On other other hand, new art-making technologies have always been controversial. Many painters and artists of the day were outraged by the invention of cameras. Charles Baudelaire, a French poet and art critic said of photography that “by invading the territories of art, has become art’s most mortal enemy”. In a similar vein, David Byrne, a British photographer who won the title of Landscape Photographer of the Year 2012 was stripped of his title and winnings after judges ruled that he did too much image manipulation.
Just a couple of months before, someone wrote an article in the MakeUseOf magazine about AI text-to-image generators and he ended the article with this reassuring sentence.
Just like AI writing tools, while the end product seems “real” enough like it was made by a human, it still misses some things. Artists can add creativity, emotion, and a self-defined style that makes an artwork personal and original. Maybe years later, AI could evolve to that too, but artist jobs are safe as of now.
https://www.makeuseof.com/ai-text-to-art-generators/ (published June 11, 2022)
It now seems a bit dated. After all if an AI model can come up with those pictures above, how safe are artist and illustrator jobs? Like what Allen said to The New York Times when interviewed: “Art is dead, dude. It’s over. A.I. won. Humans lost.”
Very early on in my career, I listened to a talk by Guy Kawasaki, the legendary Apple Fellow and evangelist. He told the story of the ice harvesting business (what Kristoff did at the beginning of Frozen, the Disney movie) and talked about how technology changes are often not evolutionary but revolutionary.
A large ice harvesting industry existed in Scandivanian countries and North America during the 19th and early 20th century. Large blocks of ice were cut from lakes and rivers, stored in ice houses and then delivered to homes and businesses in warmer countries or during summer. At its peak at 1890s, the US ice trade employed an estimated 90,000 people and exported ice to as far as Hong Kong, Southeast Asia, the Philippines and the Persian Gulf.

However things changed rapidly during the early years of the 20th century. Ice factories producing artificial ice started replacing natural ice trade, and a combination of scarcity of natural ice during warm winters, fears of contaminated natural ice as well as lower costs competition from ice factories drove it to its eventual demise. In the years after World War I the entire ice trade collapse and along with it went the industries and ice harvesting jobs.

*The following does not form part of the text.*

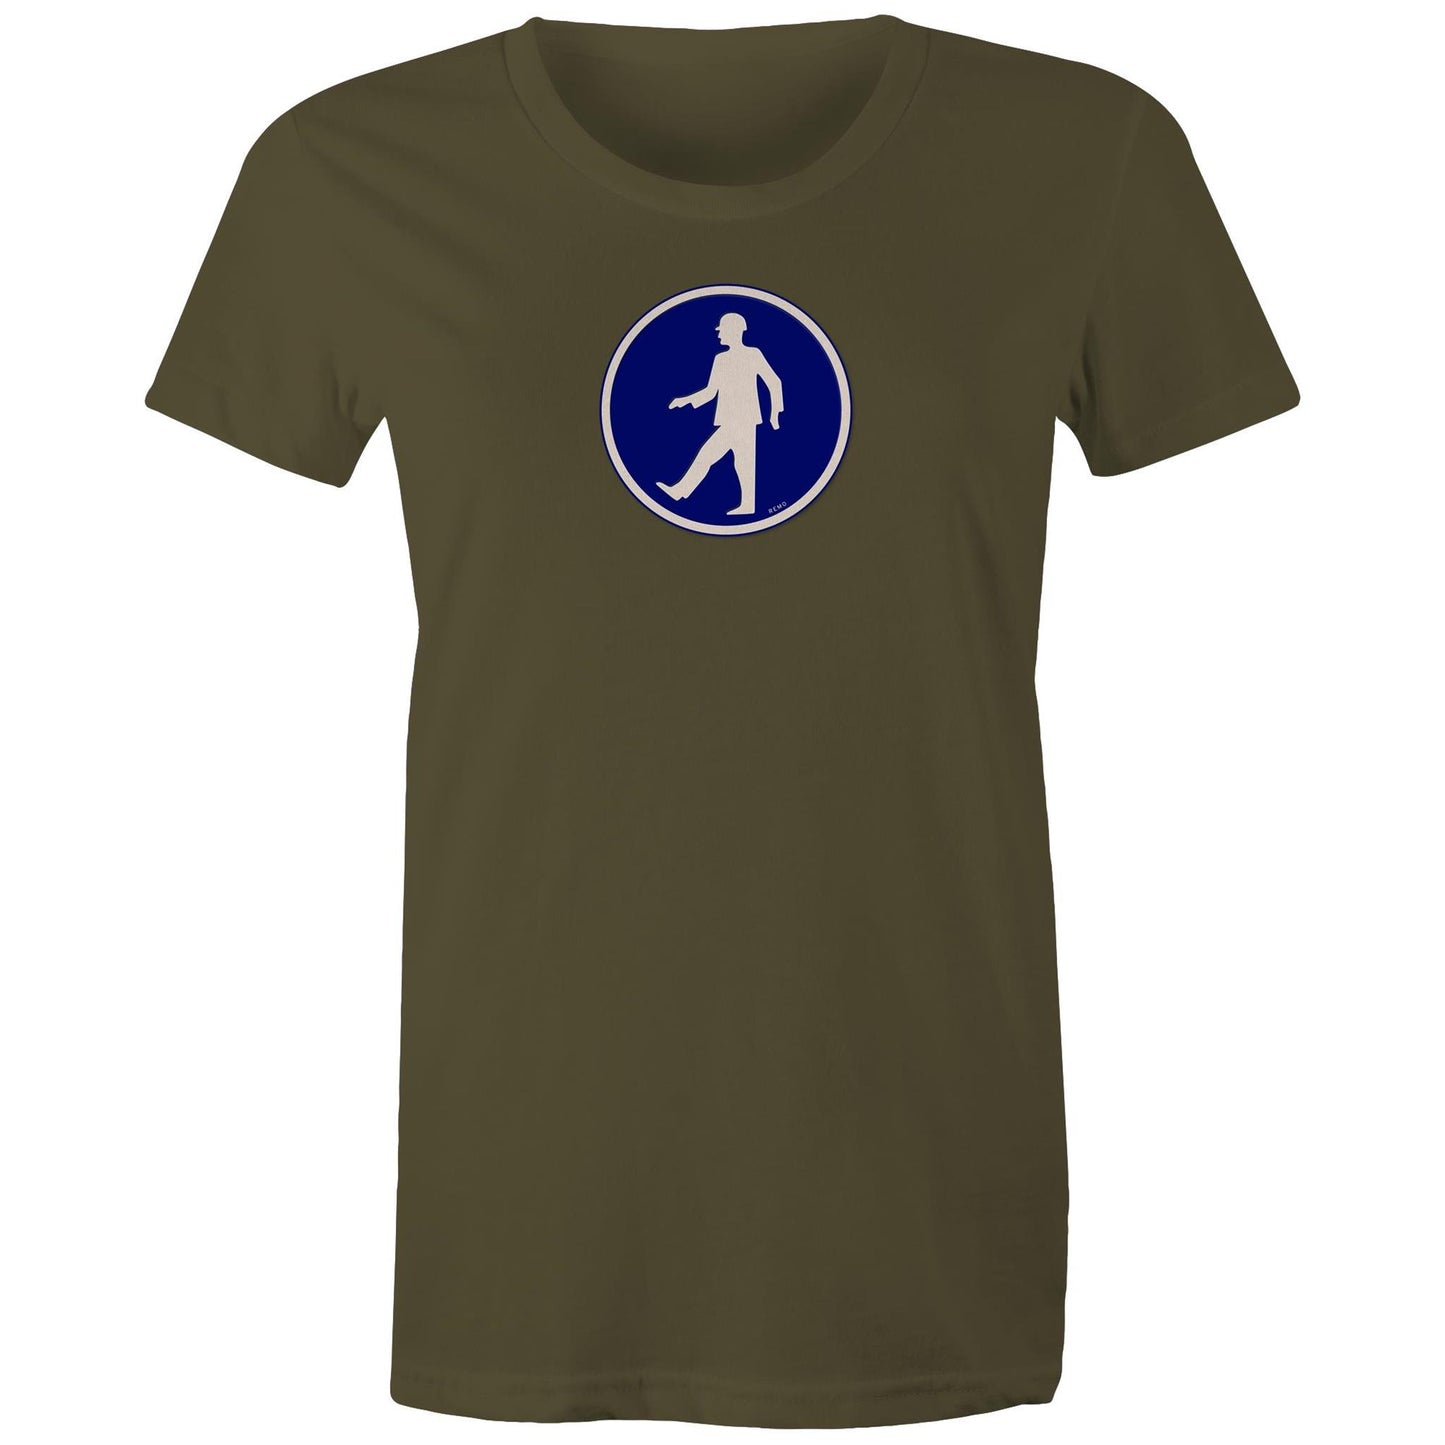 Walking Man T Shirts for Women
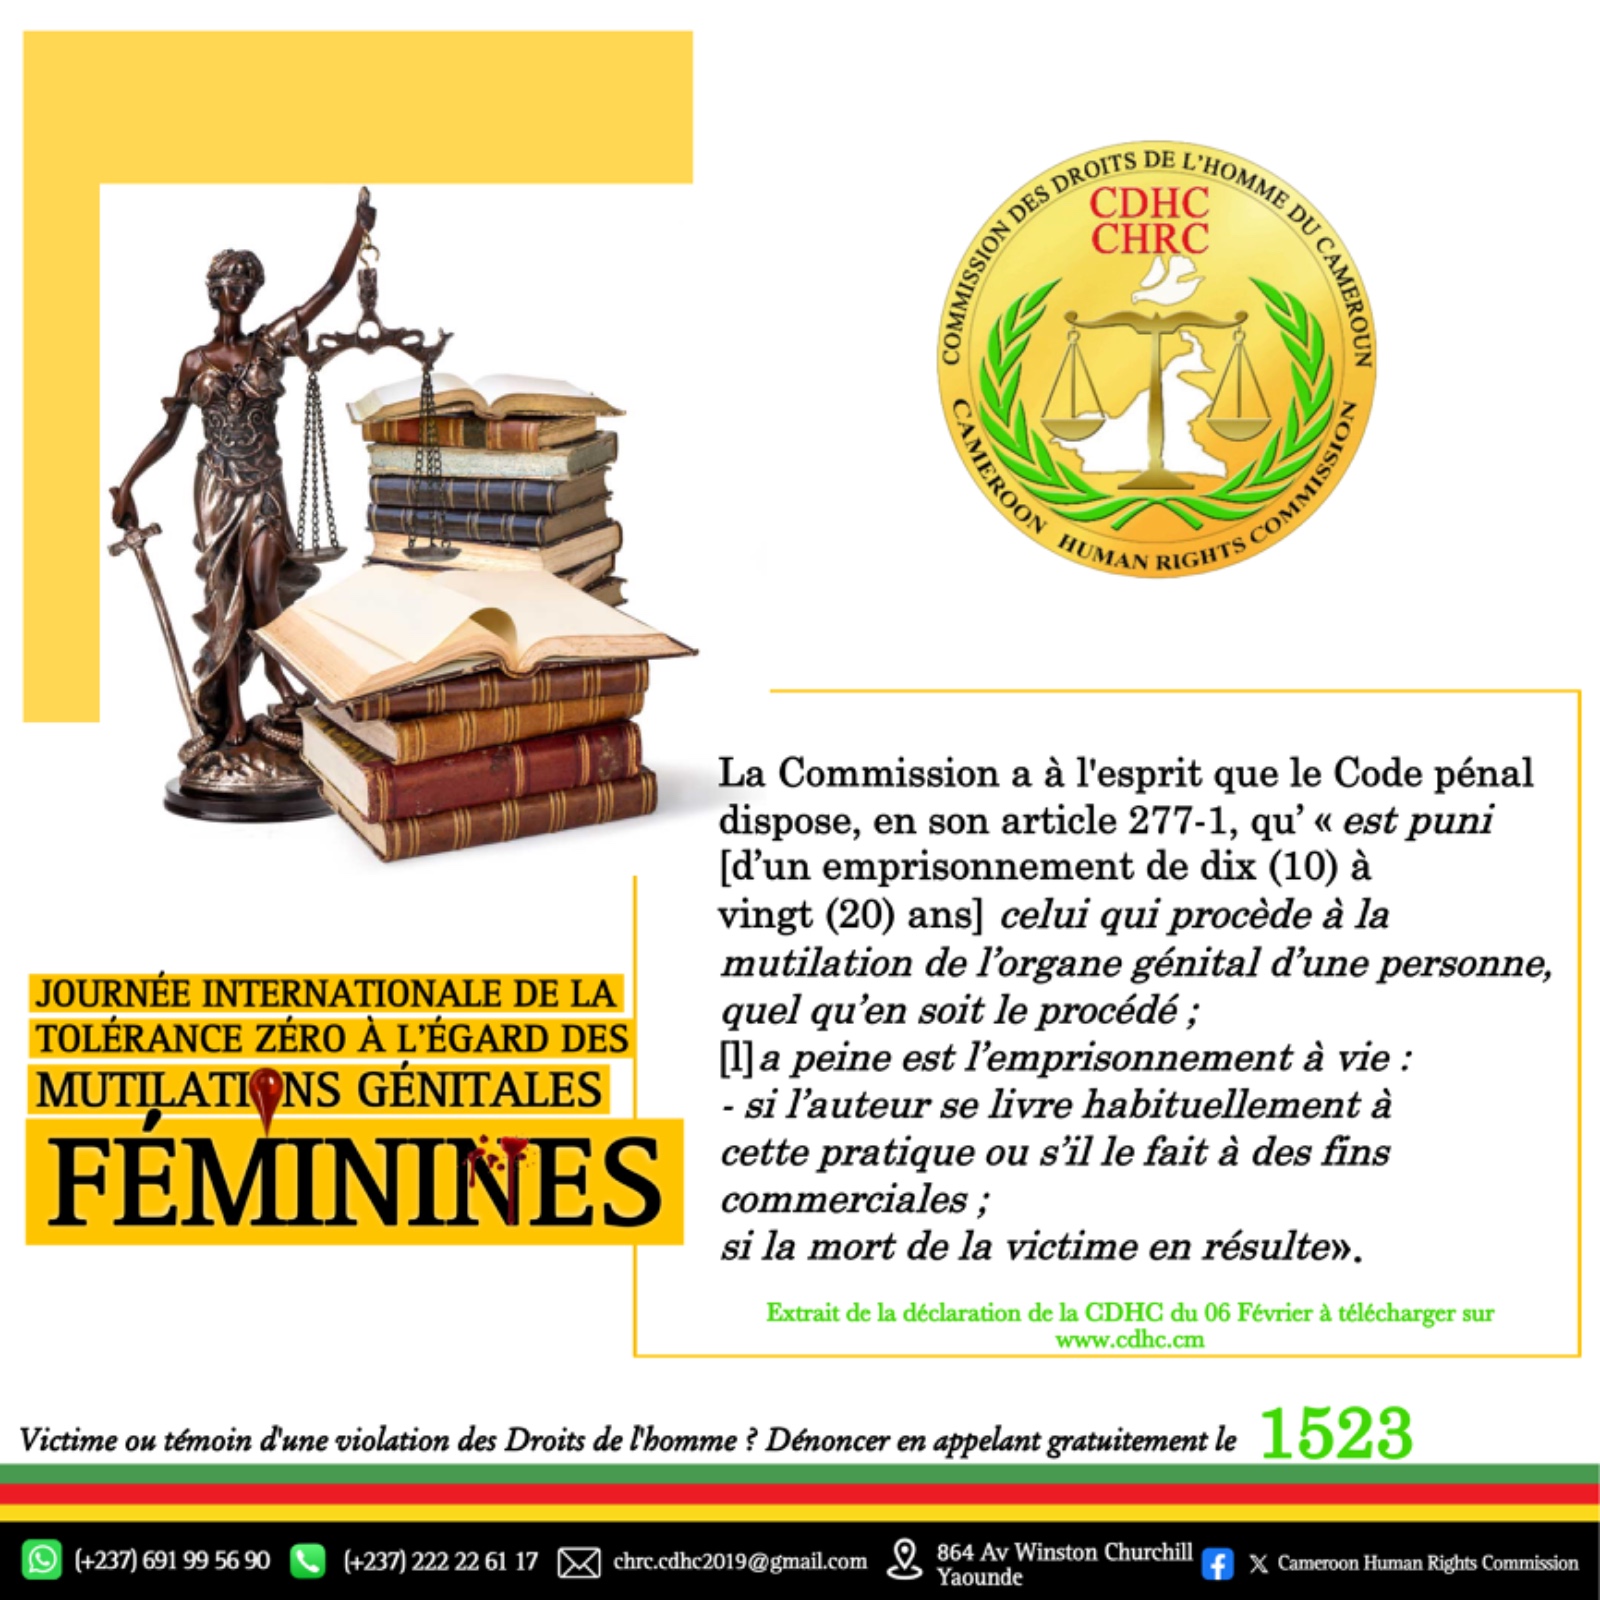 Journée Internationale de Tolérance zéro  des mutilations Génitales féminines: La CDHC se prononce

The second change came even as the ice factories started taking over from the natural ice trade. In 1913, the first electric refrigerator for home and domestic use, the DOMELRE (Domestic Electric Refrigerator) was invented and sold. It was revolutionary and a success, and even included innovations like automatic temperature control and introduced a freezing tray for ice cubes. By 1944, 85% of American homes had refrigerators. Just as the ice factories replaced the ice trade, the home refrigerators replaced the need for homes to buy ice from ice factories.

Interestingly, none of the ice trade companies made the jump from harvesting and selling ice to running ice factories, and similarly none of the ice factory companies made the jump to making refrigerators. Ice harvesters didn’t become ice factory workers and ice factory workers didn’t become refrigerator factory workers.
Just as photography changed the painting industry, and photo editing changed the art and photography industry, generative art in the form of AI text-to-image generators will change the art and illustration industry as well. How well the current artists and illustrators jump the curve no one really knows.
The transformer model was created to solve a natural language processing problem in 2017. In 2020 OpenAI released the highly popular GPT-3 model, using the transformer model. That branched into Codex in 2021, which is used for software code generation (now used in Github Copilot), and also into the Dall-E (2021) and Dall-E 2 (2022) models used for text-to-image generation.
It seems highly unlikely that text-to-image is the last frontier. There’s video, audio and music (text to singing, anyone?) and plenty more ahead. We are in for exciting times, but also some scary times.
Video killed the radio star, and maybe AI might be killing artists and illustrators. So who’s next?